With NCLB reauthorization up for renewal (newest suggested name by Sens. Lieberman, Landrieu, and Coleman “All Students Can Achieve”), the Aspen Institute is playing a major part in drafting some suggested changes. Again, it mostly more of the same numbers-driven approach to assessment, this time supposedly funding individual state’s data systems to keep track of such numbers. At the same time, a new coalition, NCLB Works, composed of groups like the Business Roundtable and the Education Trust, have made it clear they like the NCLB moniker. It’s important to note that each time the more than 40-year-old Elementary and Secondary Education Act is reauthorized, a name change usually follows.
However, it is groups like the Education Trust and the Business Roundtable which are doing their finest work in pushing for the hostile takeover of the public schools, ostensibly under the guise of pushing for reauthorization of NCLB. Gerald Bracey offers a well needed response to one of the most often referred to pieces of analysis; international comparisons, and their use as a cudgel to attack the American public school system. Bracey points out that one part of these global education comparison studies that receive little discussion in the yearly hand wringing reports on our failings as a nation to educate our children, is the lack of a level playing field when it comes to poverty. Amy Wilkins of the Education Trust is quoted recently as saying, “Our most affluent kids are getting their lunches eaten by kids in other countries. The system we have has not served our children well. There is no point pouring more federal money into very broken bottles.” Baloney.

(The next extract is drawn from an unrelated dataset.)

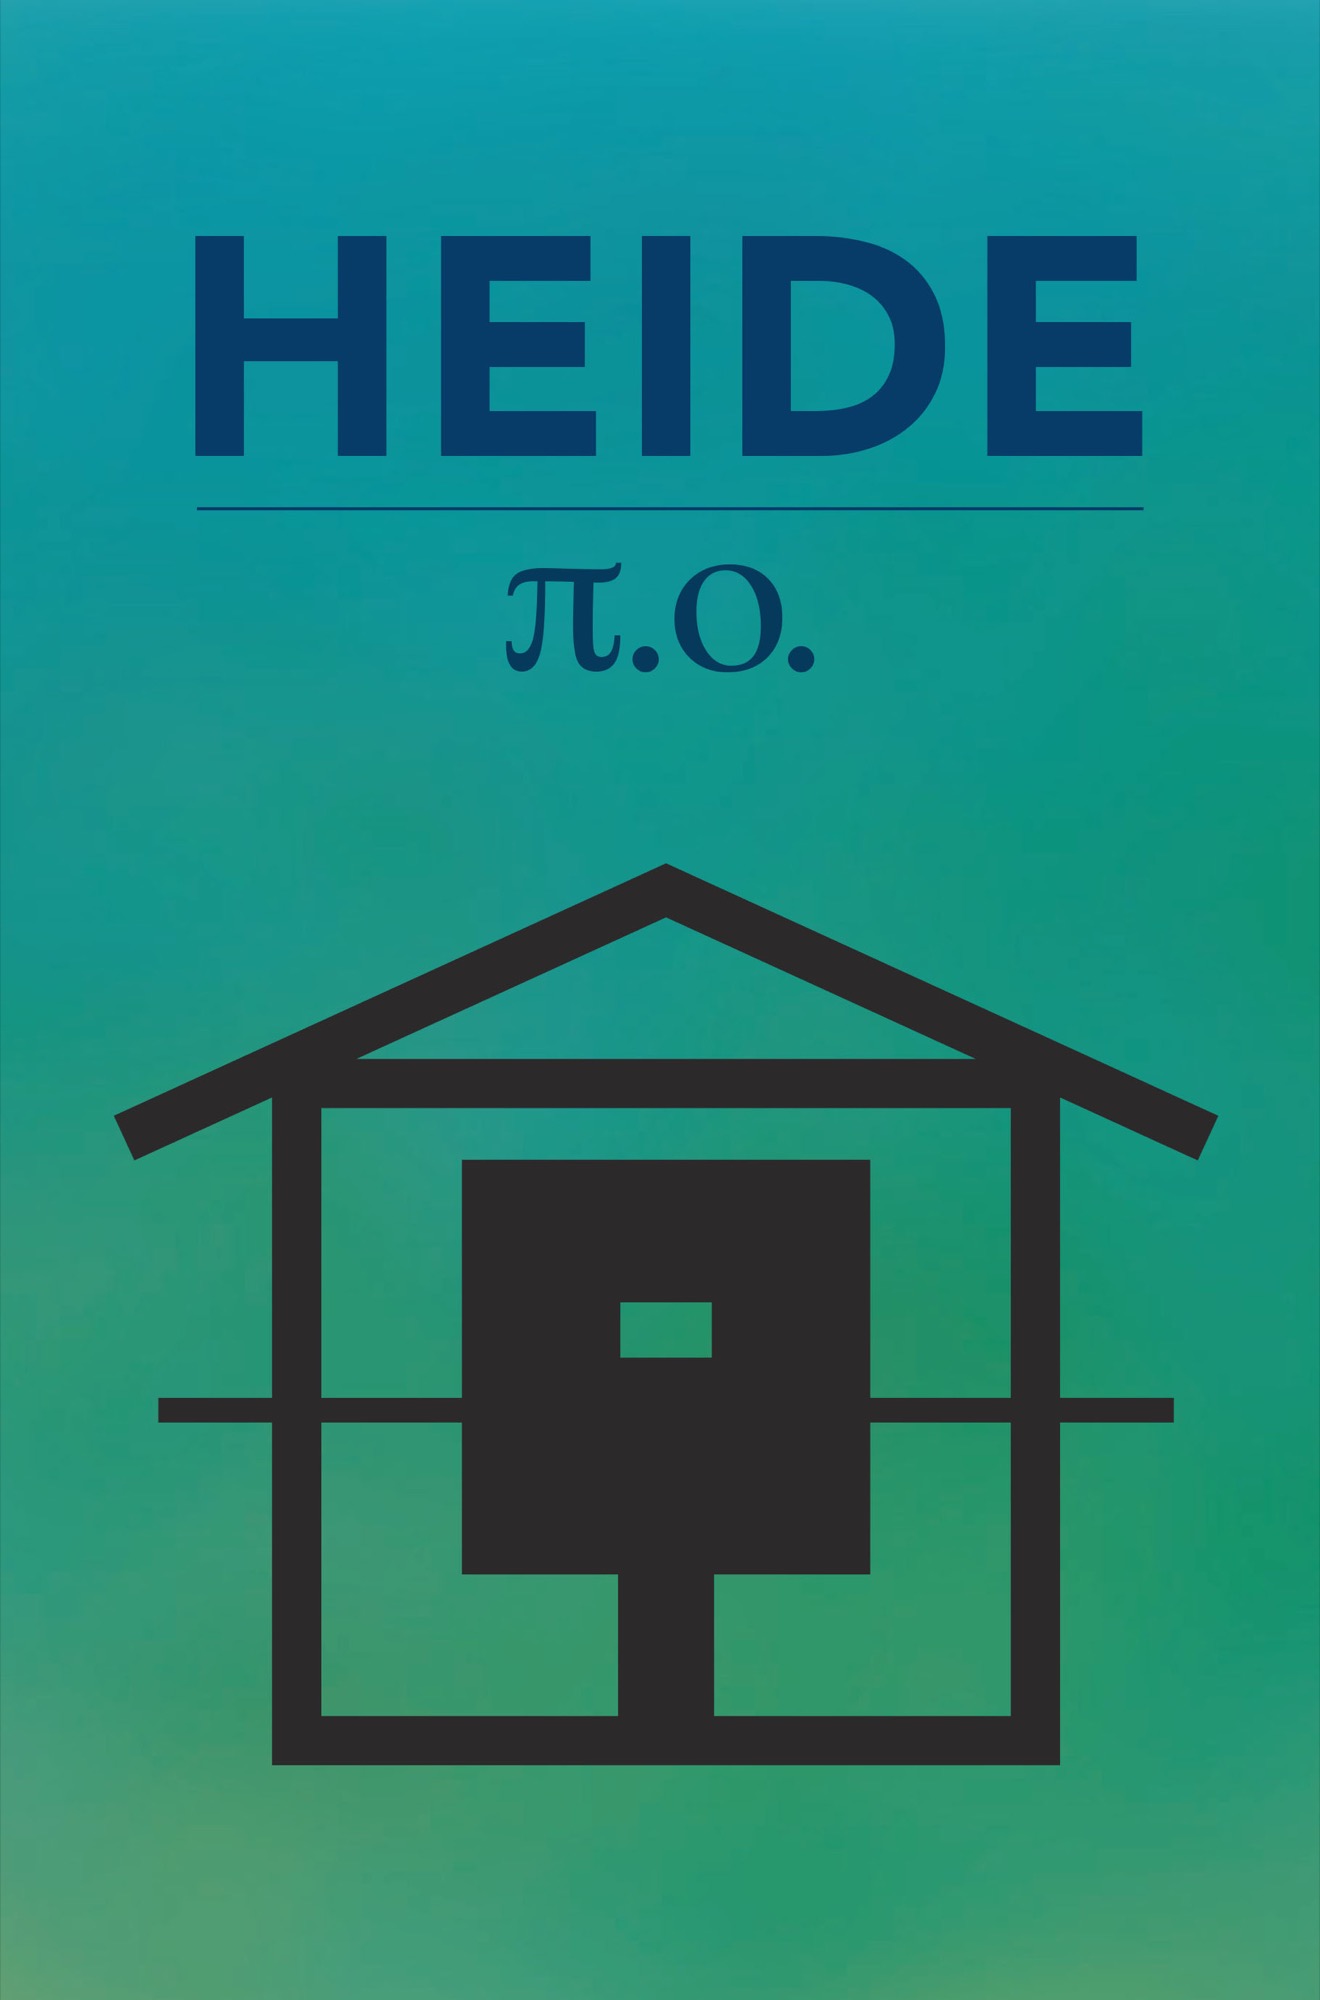 π.o., <em>Heide</em> (Sydney: Giramondo Publishing, October 2019). Cover image by Sandy Caldow.

Gerald Bracey sums up this research succinctly:
“Thus, for reading and science, the two categories of US schools with the smallest percentages of students living in poverty score higher than even the highest nation, Sweden in reading, Singapore in science. In math, the top US category would be 3rd in the world.
It is only in American schools with 75% of more of their students living in poverty where scores fall below the international average.”